ここでは、それぞれに異なった素材や材料を使用することもあり、使用する道具も様々で
あったので机間支援に注力した。
(5)組み合わせ
組み合わせでは、粘土スケッチで制作した「道具」と「場面」を組み合わせ、自分の主
題にあった作品を完成させた。さらに、より作品を効果的に見せるために、作品を鑑賞す
る視点を決定させ相互鑑賞を行った。組み合わせのポイントとして、「場面」への「道具」
の配置の工夫をした。
異なる3つのパターンを提示し、
「配置の違い」によって印象が変わることや、
「見る方向」、
「見る高さ」によって印象が変わることを理解した。
ア、配置の違い
イ、見る方向
ウ、見る高さ
(6)相互鑑賞
相互鑑賞の中では、他者による多様な見方を体験させ、視点を変えることで、作品全体
の雰囲気が変化することをポイントにおいた。
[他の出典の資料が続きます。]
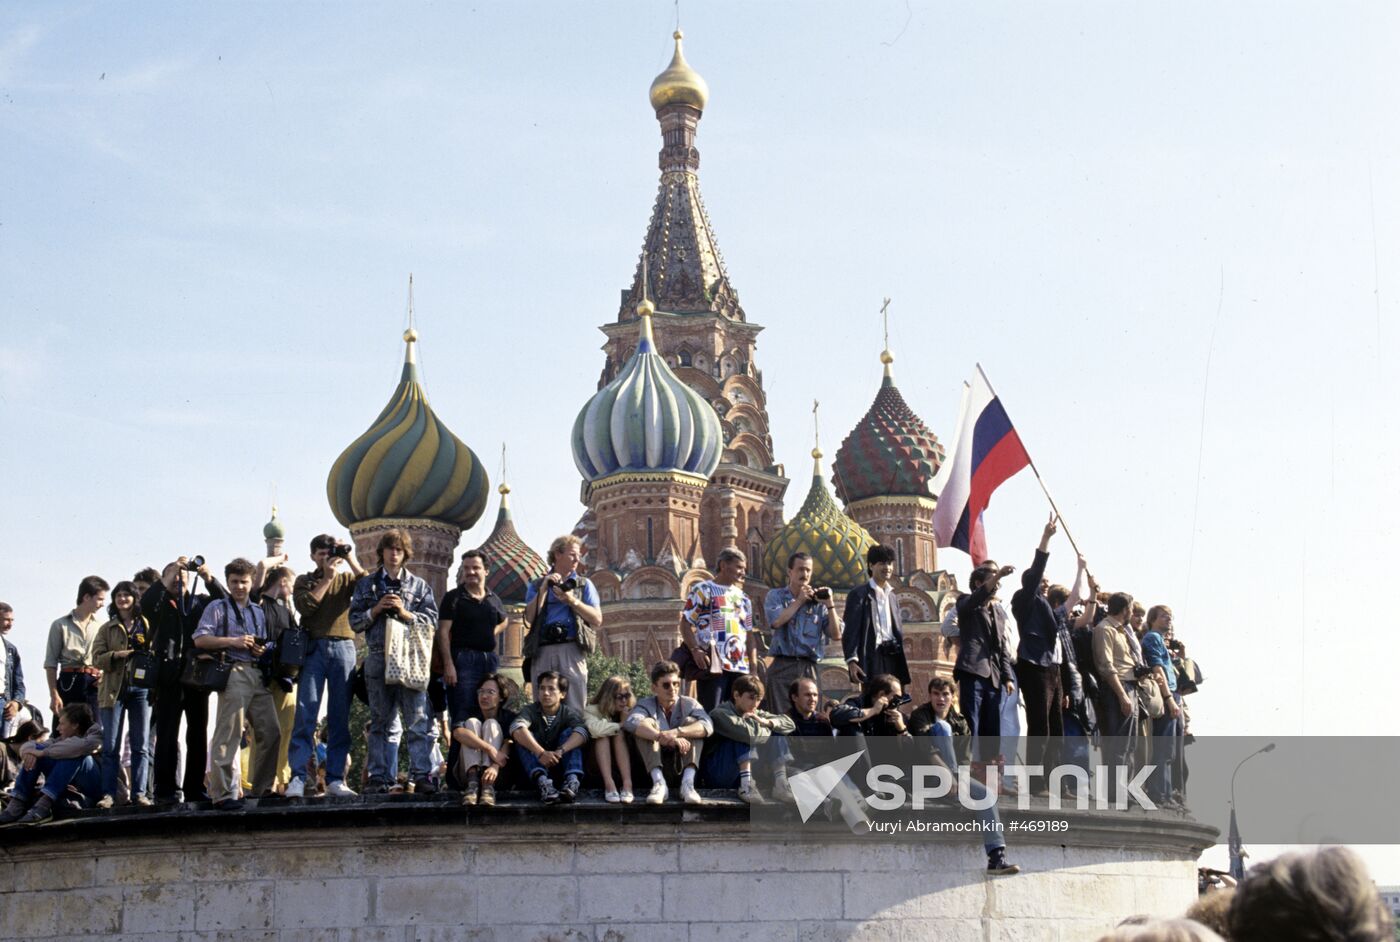 Muscovites rallying on Red square
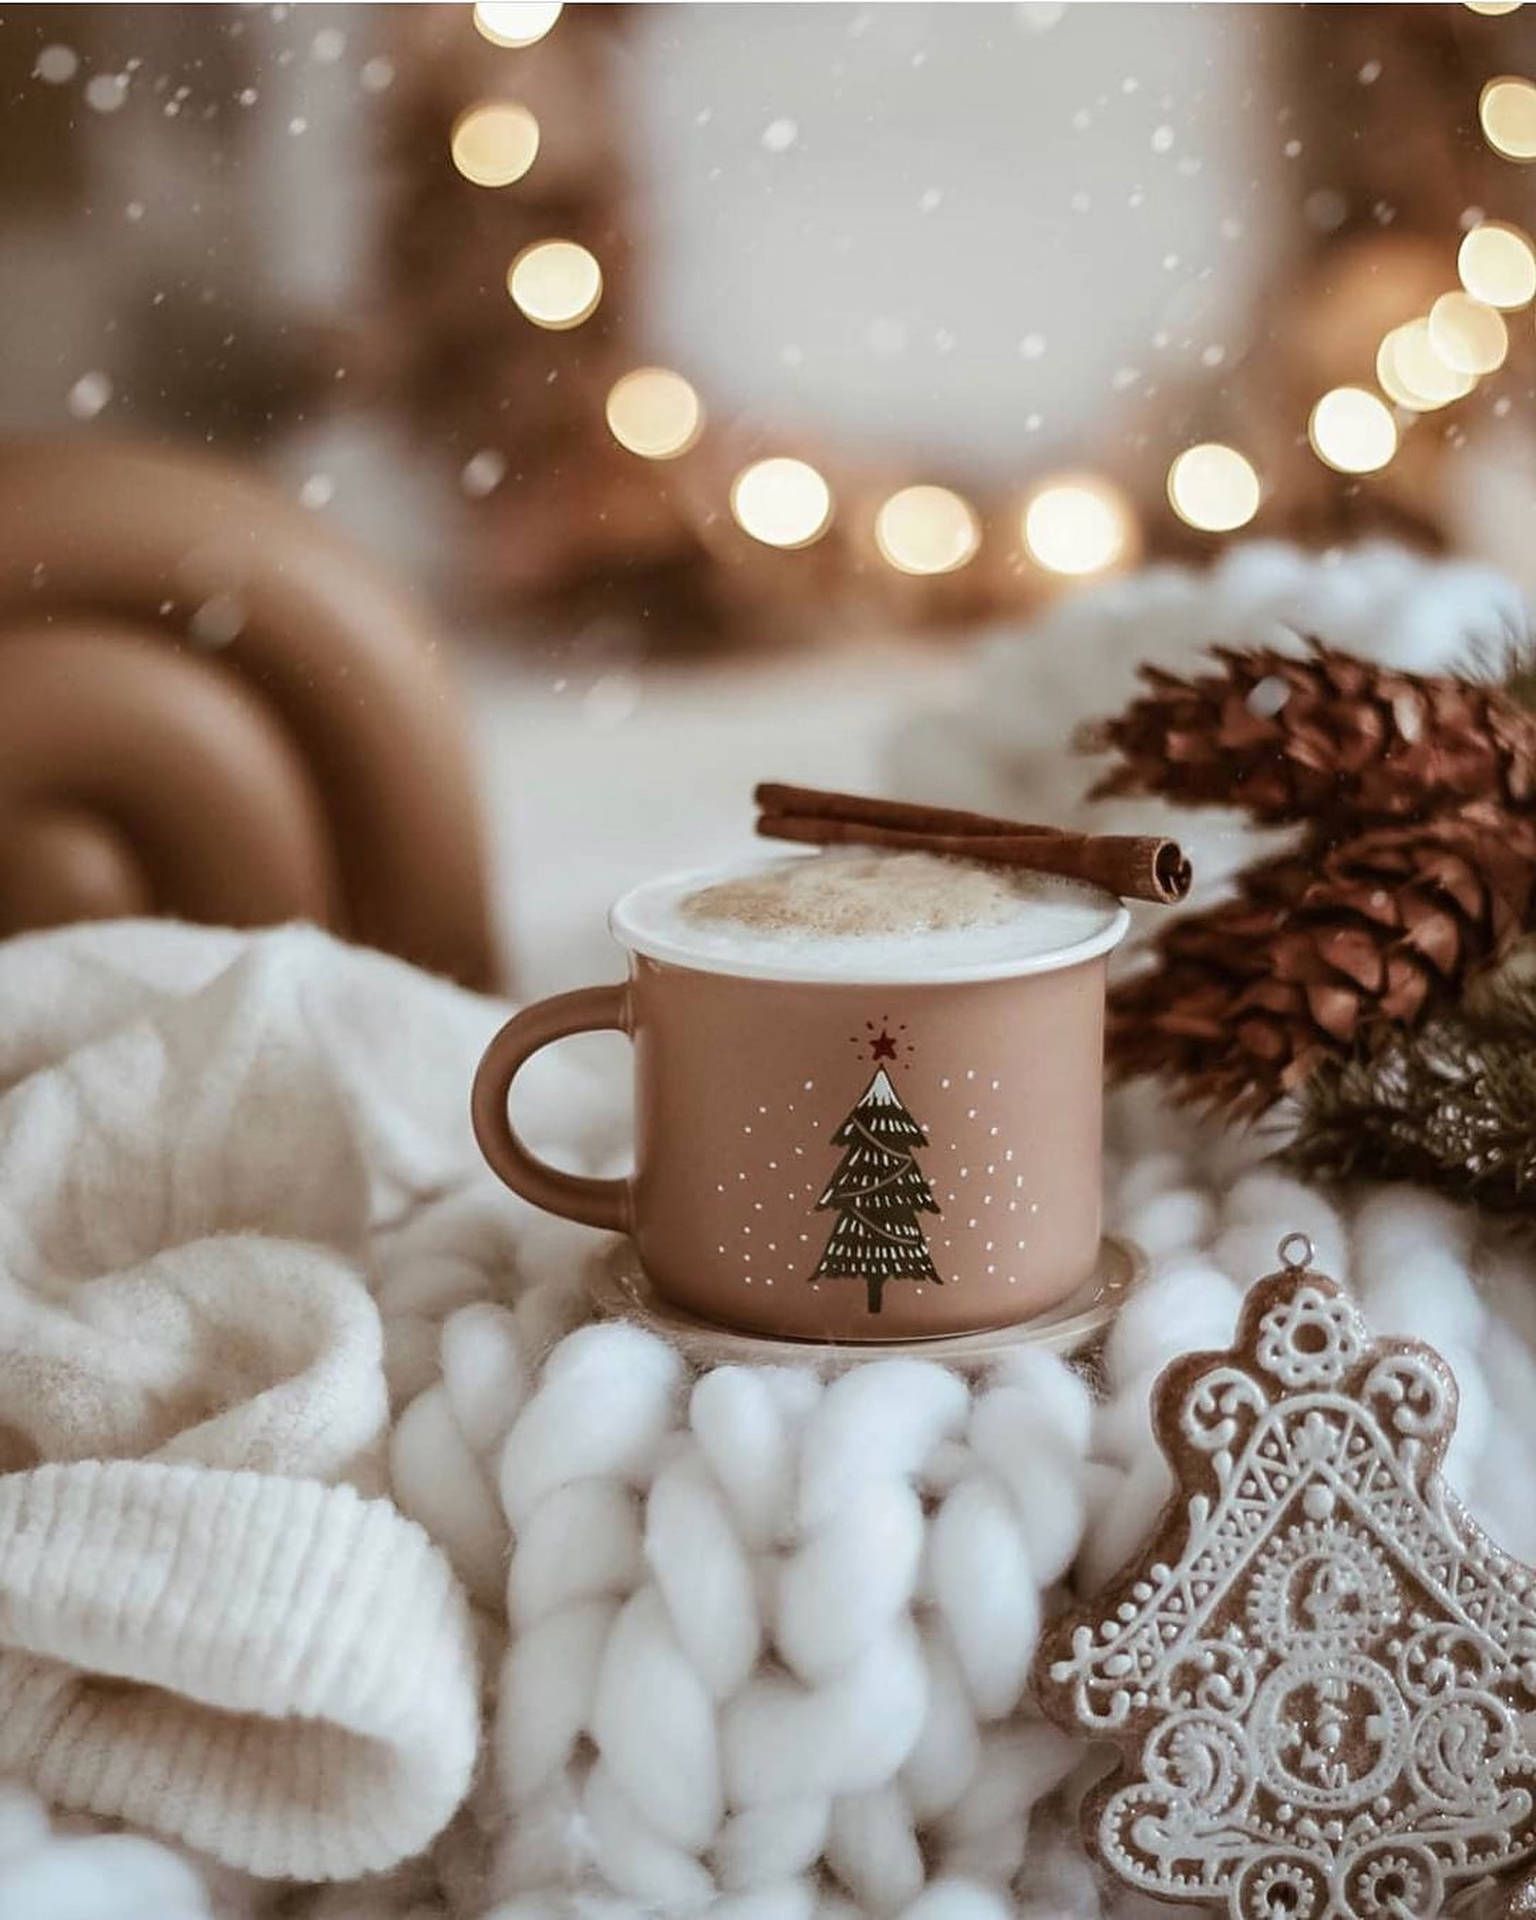 A cup of hot chocolate with a Christmas tree on it. - Cozy, Christmas

また、鑑賞を4人の小グループで行い、グ
ループ内で鑑賞した感想を付せん紙に記入し、お互いに交換することで、気が付かなかっ
た自分の作品のよさを発見することができ、制作した満足感を味わうことができた。
また、全体発表では、
「道具について」、
「場面について」、
「組み合わせについて」、
「主題の
設定について」の4点に視点を定め、一人の発表者に対してそれぞれの視点のコメントを
記入し発表者に伝え、鑑賞をさらに深めることができた。
<セレクト学習>
(7)制作のまとめ
制作のまとめでは、
「主題の決定」から「相互鑑賞」に至るまでの振り返りをし、作品の
完成度を高めたいという生徒は補充を行い、他の生徒は発展学習として、制作の過程を1
つにまとめ、もう1つの作品を制作した。それぞれに補充・発展学習を行い、授業のポイ
ントを再確認させるとともに、自分の主題に対する深まりをもたせられた。
4
成果と課題
○研究を通して
スタート学習・ステップアップ学習・セレクト学習の 3 つの学習段階や、学習指導要領
にある学習内容を、スモールステップを生かした指導を行うことで、生徒がどの場面でつ
まずきを感じているのかが把握でき、それぞれの生徒の実態に合わせた指導を行うことが
できた。また、つまずきが解消することによって、美術に対する意欲や関心が高まる。意
欲や関心が高まると、課題意識をもって制作に取り組むようになり、作品の完成度も高ま
るので、自分の作品に自信をもてる生徒が増えてきた。この循環が、美術を愛好する心情
につながるといえる。
成果
・スモールステップを生かした学習内容が、生徒のつまずきを把握することができる。
・スモールステップを生かした学習内容が、分かる・楽しい美術科授業につながる。
・生徒が楽しいと感じるのは、描ける喜びを味わったときである。
・生徒ひとりひとりの褒めるポイントを探すことが、ひとりひとりを伸ばすポイントであ
る。
・分かる・楽しい美術科授業は、教師側も楽しい。
・教師の挑戦する姿で、生徒も挑戦しようとする態度が養われる。
課題
*スモールステップが、スモールストップになりがちな生徒に対しての支援の方法。
*作業時間が賞味 35 分~40 分であり、生徒一人一人の個別支援の機会が限られている。